Я дам Голливуду сценарий самого реалистичного фильма за всю историю. Давай начнём с актёров второго плана. Приезжайте в Мобайл и познакомьтесь с самыми яркими персонажами на планете — таких персонажей на экране не увидишь.

МОЙ ОТЕЦ

Легендарный баскетболист. Его имя знали на каждом районе. Про него говорили, что он был Джорданом до Джордана. «Блин, твой старик в восьмидесятых ломал щиты. Он либо побеждал в матче, либо побеждал в драке после матча».

Я в это не верил. Как обычно, просто старики брешут. А как-то раз мы были в торговом центре в Леноксе, Атланта, и там такие большие эскалаторы. Мы с батей едем вверх, а вниз спускается такой высокий чел. И вдруг этот чел косится на моего отца. Начинает тыкать в него пальцем и всё такое, как фанатка. Он спрашивает: «Бобби Ллойд?».
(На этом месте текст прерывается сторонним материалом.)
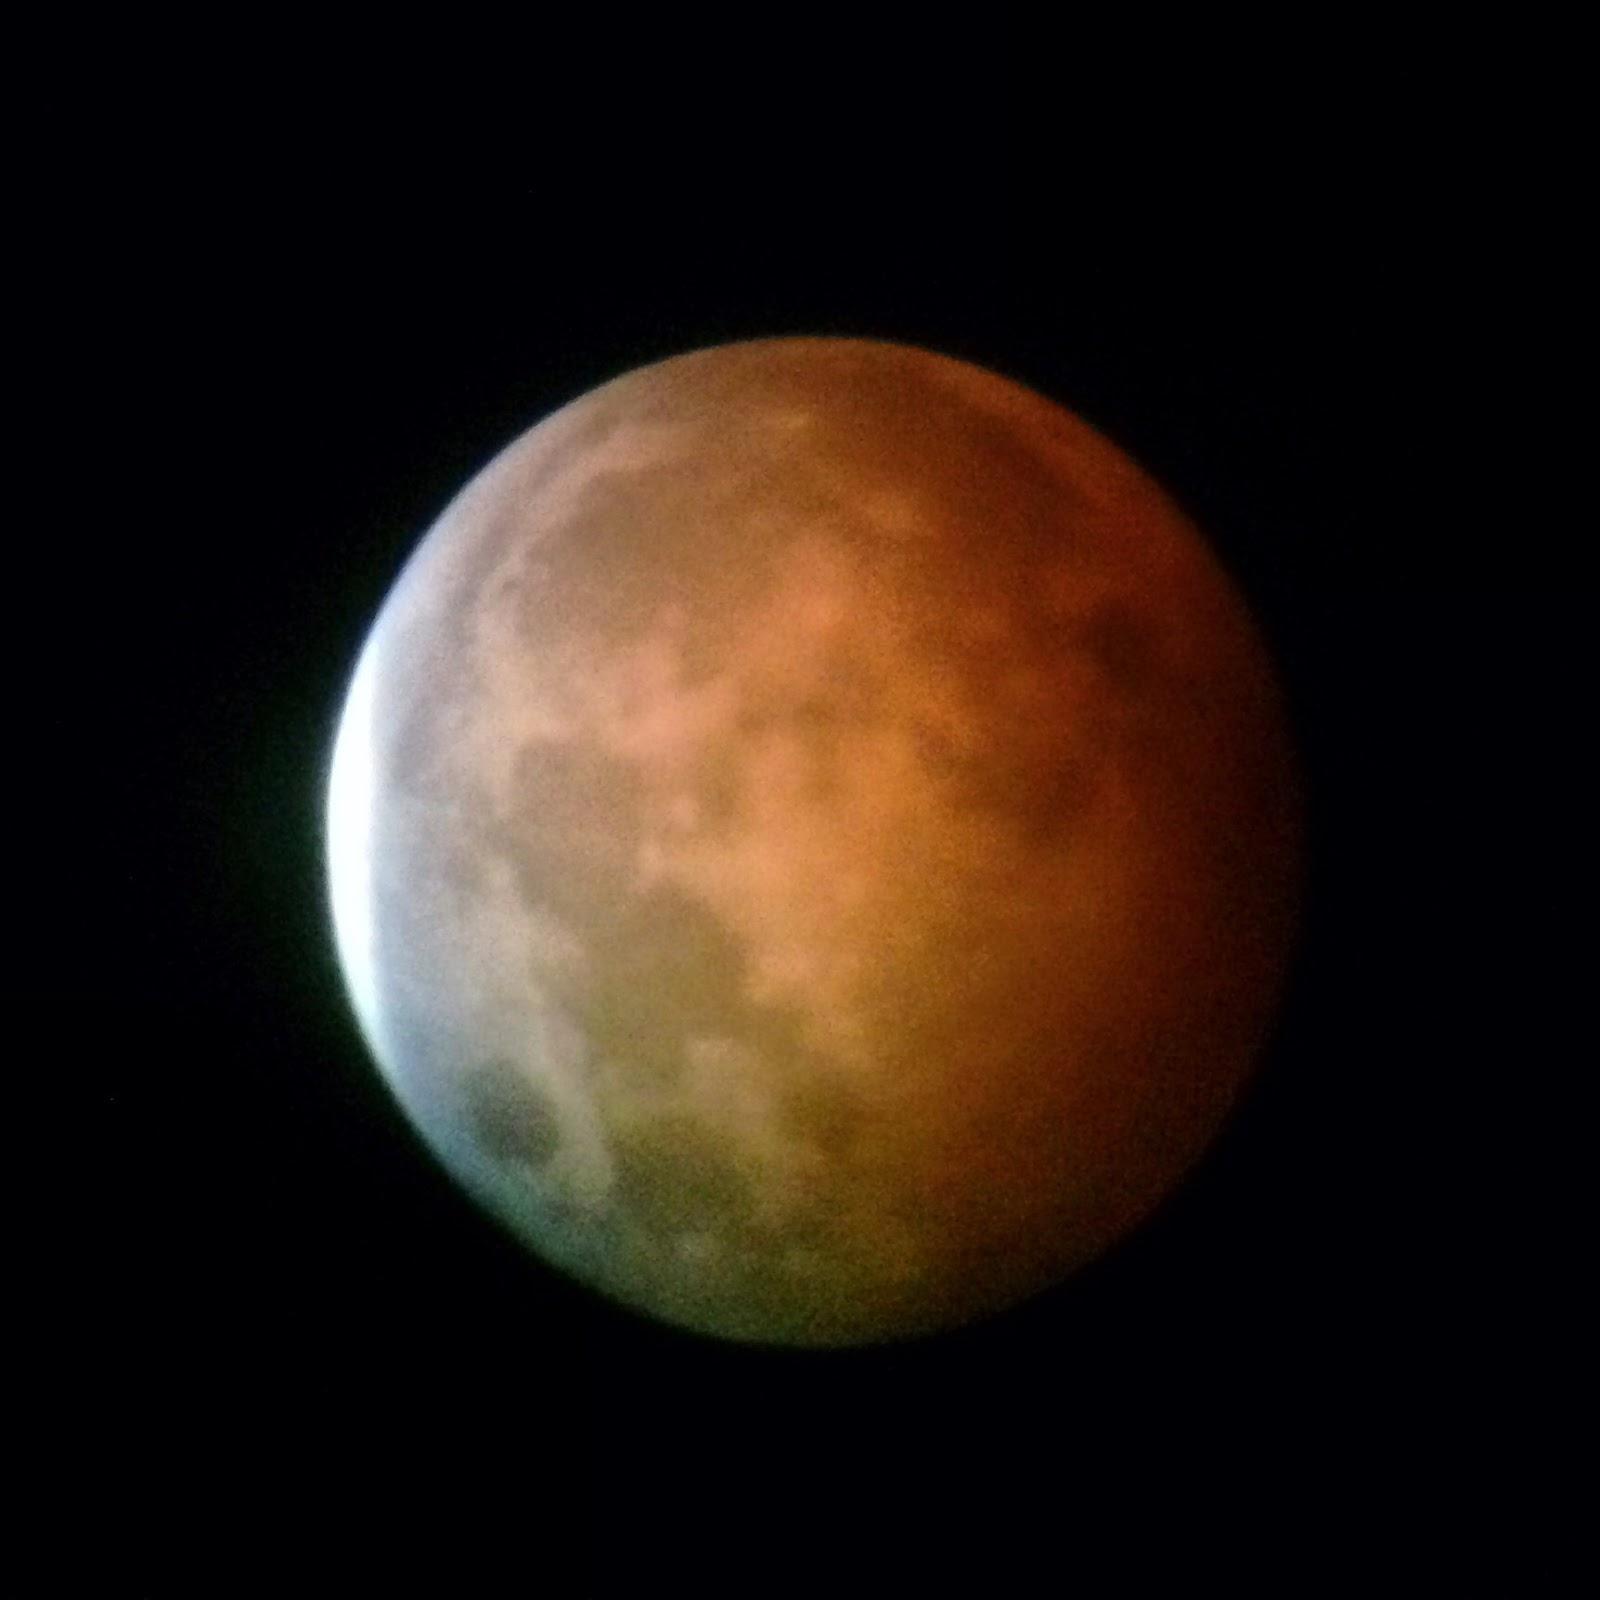 lunar eclipse iphone

Мой отец смотрит на него и кивает.

И чел такой: «Мать мою за ногу! Бобби Ллойд! Братан, сколько времени прошло!»

Это был Доминик Уилкинс.

Батя разворачивается и говорит: «Вот видишь? Я ж вам говорил. Я всё это время не баклуши бил».

Серьёзное дерьмо. И так во всём. Таков мой батя.

ДЯДЯ РЕЙ-РЕЙ

Ди-джей на радио в Мобайле. Мне как второй отец, не шучу. У него было утреннее шоу, и каждое он начинал в шесть утра вот так: «ПРОСЫПАЙТЕСЬ, В ЭФИРЕ РЕЙ-РЕЙ!» Каждый в Мобайле знал эту фразу. Слышь, я знаю людей, отмотавших срок, которые рассказывали, что когда охранницы устраивали шмон, то зеки кричали: «ПРОСЫПАЙТЕСЬ, В ЭФИРЕ РЕЙ-РЕЙ!»

Рей был комиком. Даже на ComicView выступал. Помню, как он на семейных праздниках подходил к маленьким детям, и если у них было что-то вкусное на тарелке, говорил: «Ты забыл покормить пса, малыш»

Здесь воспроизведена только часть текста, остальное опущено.